Within RSM or RSA, it is easy to create a new service model after the plug-in for software services has been installed. The following steps are steps required (note this works in the Modeling Perspective):
- If you already have an existing UML modeling project in your workspace, you may add the service model to this project or create a new project (see Step 2).
- Either right click on the project and select New -> UML Model or from the File menu select New -> UML Model.
- When you see the New UML Model wizard, as in Figure 4, go to Step 3.
- To create a new UML modeling project, go to the File menu and select New -> Project, the UML Project is under the Modeling category.
- In the resulting wizard, give your project a name and select Next.
- In the New UML Model wizard, shown in Figure 4, ensure the destination folder is correctly set, select the Service Design Model from the list of templates, and name your model.
Figure 4: New UML model wizard
This will create and open a UML model with the UML Profile for Software Services applied to it and a template structure you may use to get started modeling your SOA solution. The model also includes a set of reusable model elements that are useful in creating some of the compound elements; at least using these is simpler than creating them by hand.
The following sections outline three scenarios that we synthesized from discussion with customers regarding how they expect service-oriented solution development to fit in with their software development lifecycle. We started by identifying three approaches to the development of services, and while these are certainly not mutually exclusive (real projects use a combination of techniques), they are useful in illustrating different approaches and ideas.
Wherever possible, I've aligned the roles described in these scenarios with those defined in RUP.
In message-centric design, the focus is very much on the service domain. Techniques such as domain engineering or Object-Oriented Analysis and Design (OOAD) provide much insight into the development of abstract domain models, and these techniques generally produce highly reusable models for message schema. The service design is usually a secondary activity, although it is sometimes done in parallel. In Electronic Data Interchange (EDI), for example, there is no real notion of a service interface, since EDI systems usually have a single global inbox and outbox for messages.
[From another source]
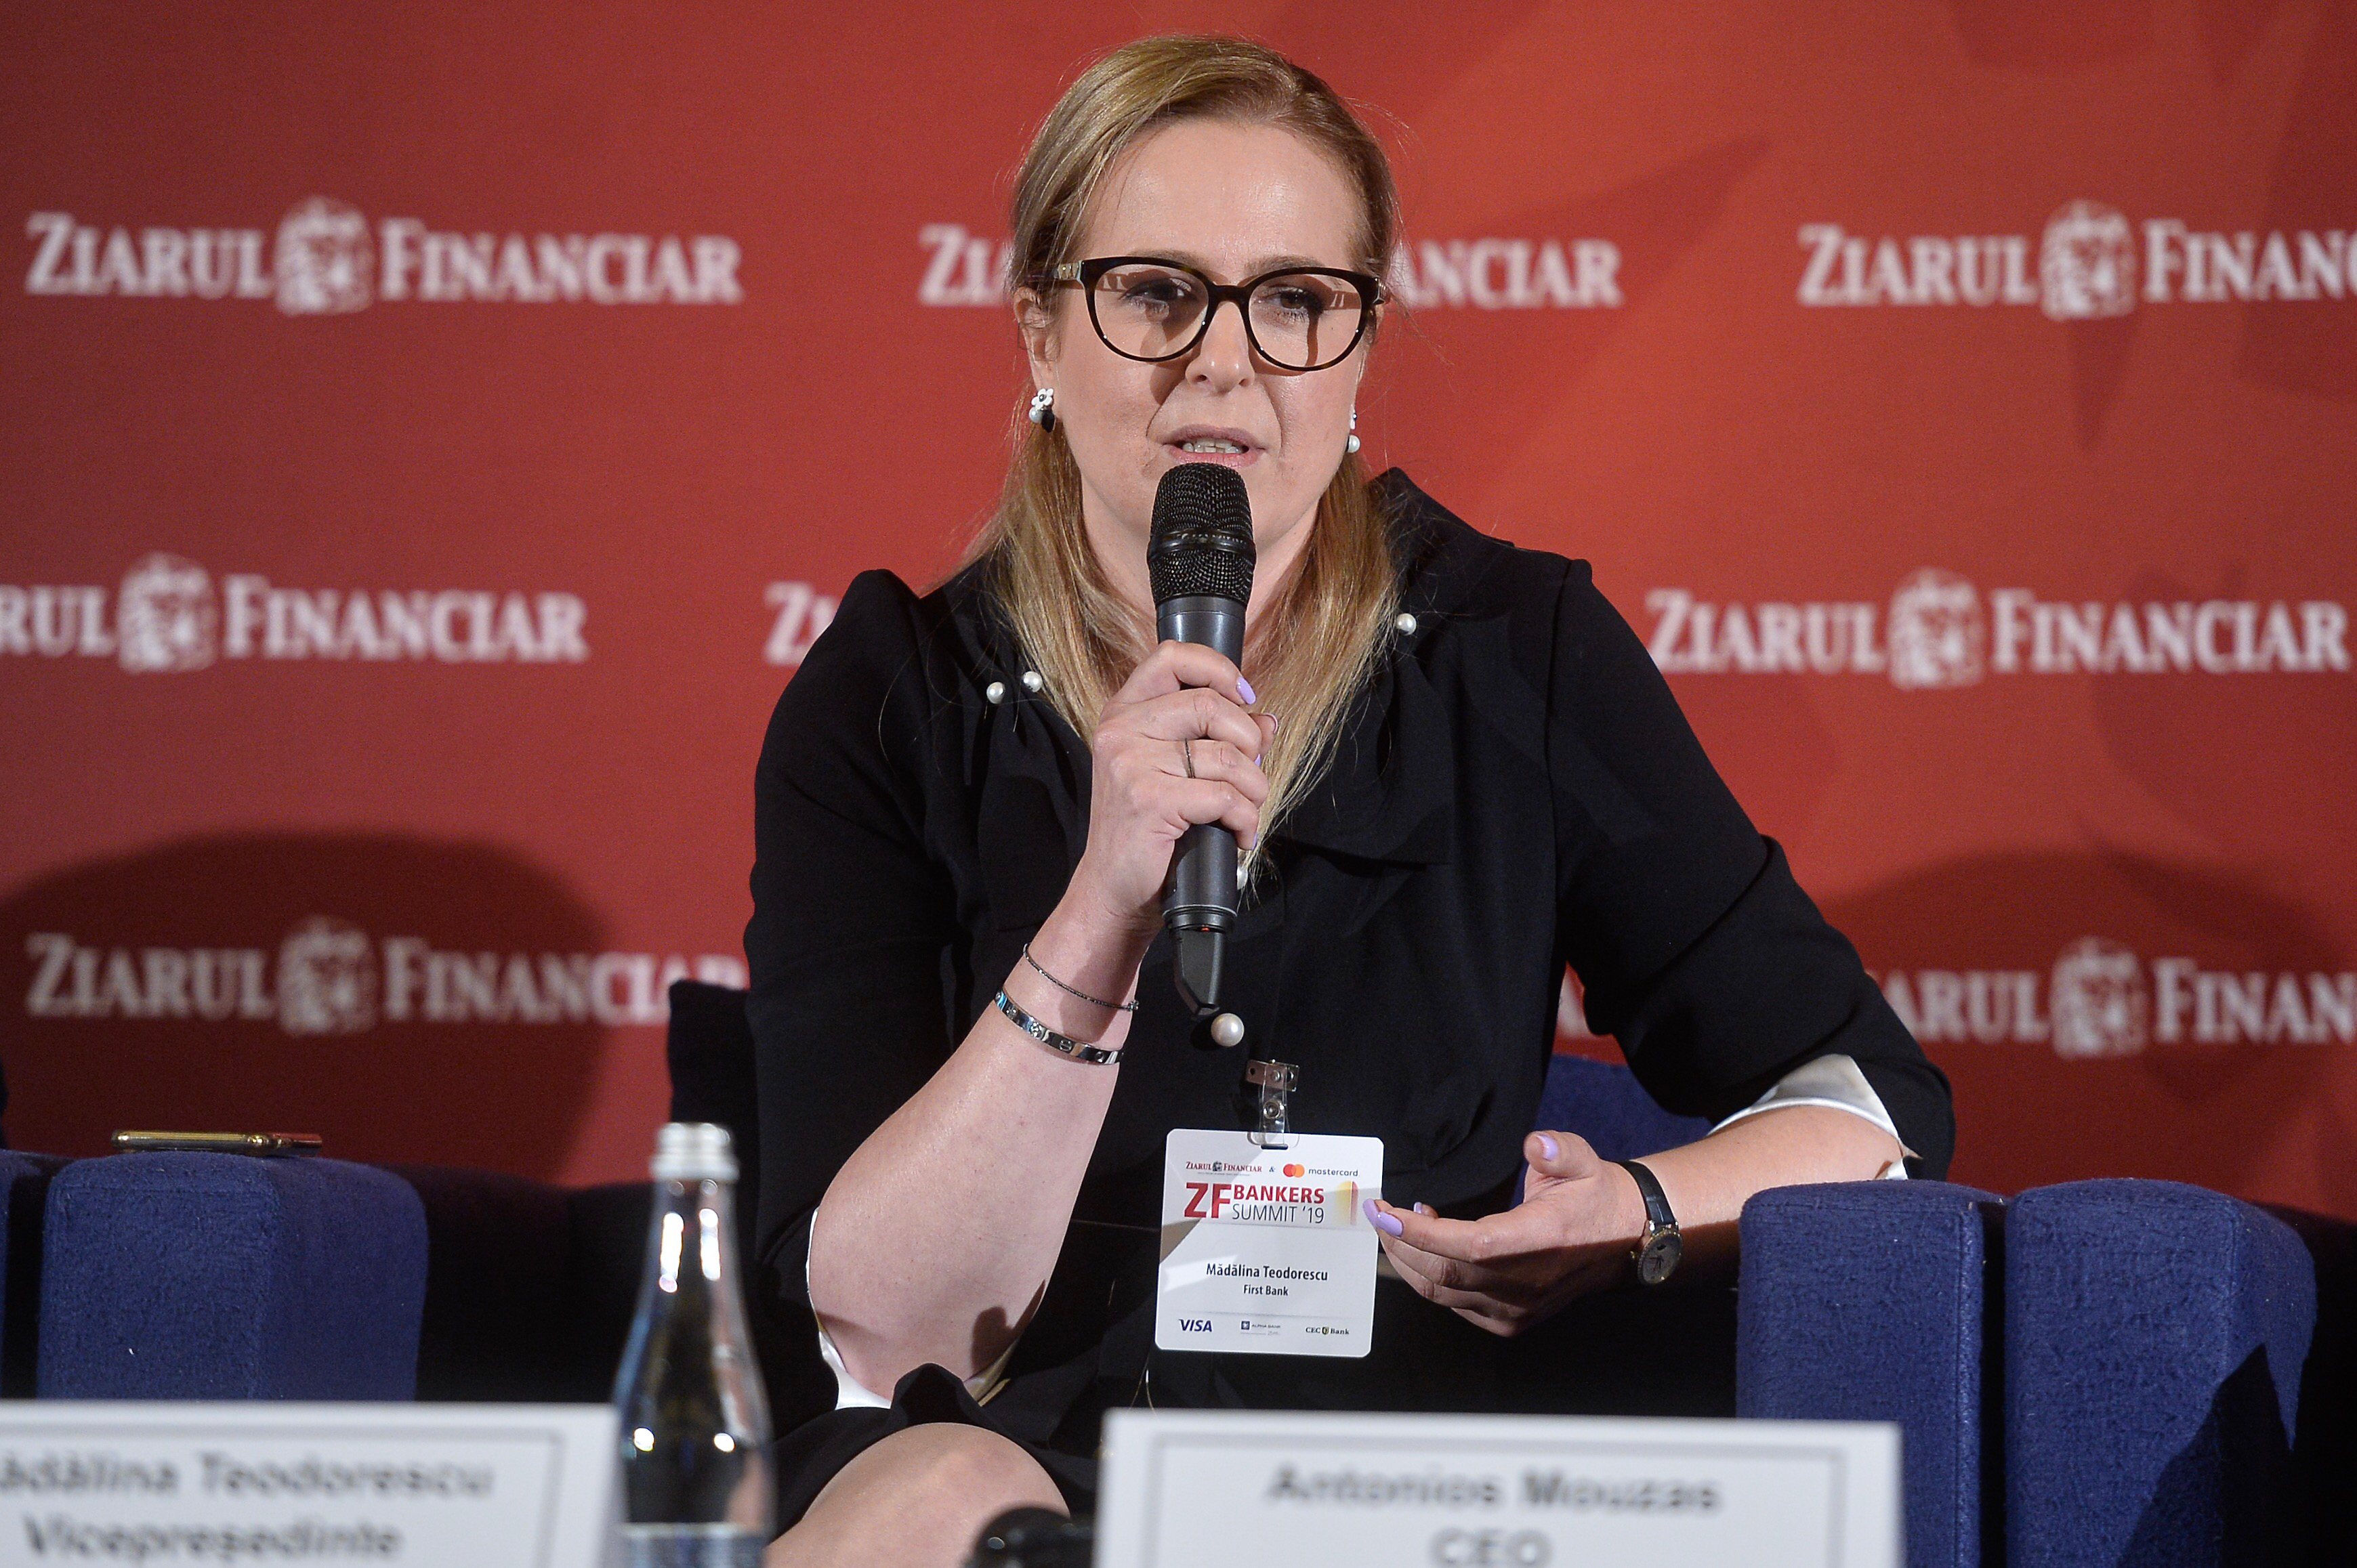 ZF Bankers Summit ’20. Mădălina Teodorescu, vicepreşedinte First Bank: Tehnologia este foarte importantă pentru noi. Suntem foarte concentraţi pe creşterea băncii. Suntem pregătiţi şi deschişi la orice oportunităţi de achiziţii apar

An example of such an approach might be in the traditional business-to-business arena, typified by EDI standardization. In this case, the primary design activity involves development of the message schema agreed upon in some industry or other scope, which is deemed to be representative of the schema of a class of messages -- for example, an EDI 8 Purchase Order, an ACORD 9 Claim Inquiry, or a SWIFT 10 Credit Transfer.
In many modern standards activities, such as SWIFT or RosettaNet, 11 there is often a design process for standards that includes a hybrid message-centric and service-centric approach where techniques, such as use case analysis, are used.
In this example, the customer is a large insurance provider developing new applications to support one of its lines of business. The alignment between the business and supporting IT in this company is reasonably good, with a solid focus on delivery of value to the business through IT.
The project in this scenario is the extension of two claims processing systems so that both systems can provide service-oriented interfaces that will enable their tactical integration and allow the company to retire one system and move all claims processing to a single system.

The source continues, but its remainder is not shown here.